Тут Америка поняла, с каким великим путаником имеет дело, но было поздно: выборы есть выборы, особенно если они честные. Вильсона ничего не смущало, как ничего не смущает идиота: он выступил в Конгрессе США с программой "четырнадцати пунктов", которую настоящие политологи характеризовали кратко: "это программа новой последней войны, которая якобы закончит все войны". Четырнадцатым пунктом программы было создание прообраза всеобщего мирового правительства — Лиги Наций. Американцы отправили в Европу миллион солдат, и война закончилась — но какой ценой, и что это дало Америке? А президент в 1919 году — неслыханное дело! — вообще покинул страну, чтобы полгода на Парижской мирной конференции создавать эту самую пацифистскую Лигу Наций, мировое правительство ангелов бесплотных. Там Вильсон поддержал репутацию: он заболел гриппом перед решающим выступлением в Париже — и Лига Наций была создана без ключевых положений, которые, по мнению президента США, и должны были обеспечить вечный мир на Земле. Но и это его не остановило: Вудро Вильсон вернулся в Америку, переругался на родине со всеми своими сторонниками-демократами (республиканцы уже давно вертели пальцем у виска — их стараниями сами США в Лигу Наций так и не вступили), лишился всех возможностей выставлять свою кандидатуру на третий срок — и бесконечно, с упорством маньяка, пропагандировал свой мифический "вечный мир" в поездках по американским градам и весям.

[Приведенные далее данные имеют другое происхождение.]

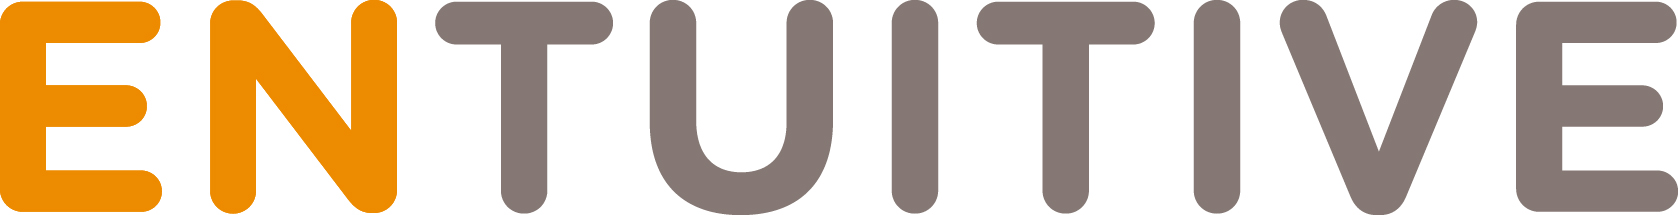 Entuititve Logo

В Пуэбло, в Калифорнии, горе-мечтателя наконец настиг заслуженный инсульт, и до конца президентского срока Вудро Вильсон был фактически недееспособным. От имени президента-миража страной правила жена и советники, безбожно и преступно обманывая вице-президента Маршалла.

Уже после отставки, в 1921-1924 годах, Вильсон неоднократно говорил, что обманул народ США, втянув страну в Первую мировую, спровоцировав анархистский террор и волнения демобилизованных солдат, поддерживая социалистов-милитаристов, подняв подоходный налог и вызвав ростом госрасходов всплеск инфляции. Его оправдания были никому не нужны, да и кому, кроме писателя Стефана Цвейга, нужны были оправдания и объяснения полуслепого старика с невнятной послеинсультной дикцией? Неважно, что он имел в виду. Важно лишь то, что вышло, а вышло, как выяснялось, скверно. Цвейг написал о Вильсоне в сборнике новелл "Звездные часы человечества" — такие названия книг публицистам можно лишь извинять. Наконец Вильсон умер, это случилось 3 февраля 1924 года — смерть политического лидера СССР Владимира Ульянова, приключившаяся примерно тогда же, тронула мир больше.

Но весь оставшийся двадцатый век тот же мир был занят исполнением четырнадцати пунктов Вудро Вильсона, в итоге побеждающих и все тома собрания сочинений Ленина, и статьи Тафта, и программу Гитлера, и все труды Клаузевица, и мириады ученых тезисов теоретиков и практиков массового убийства во имя каких-либо, неважно каких, высоких истин. Все четырнадцать пунктов программы Вильсона в итоге были выполнены. Мир, в котором мы живем, с точки зрения международных отношений придуман именно этим вечным неудачником.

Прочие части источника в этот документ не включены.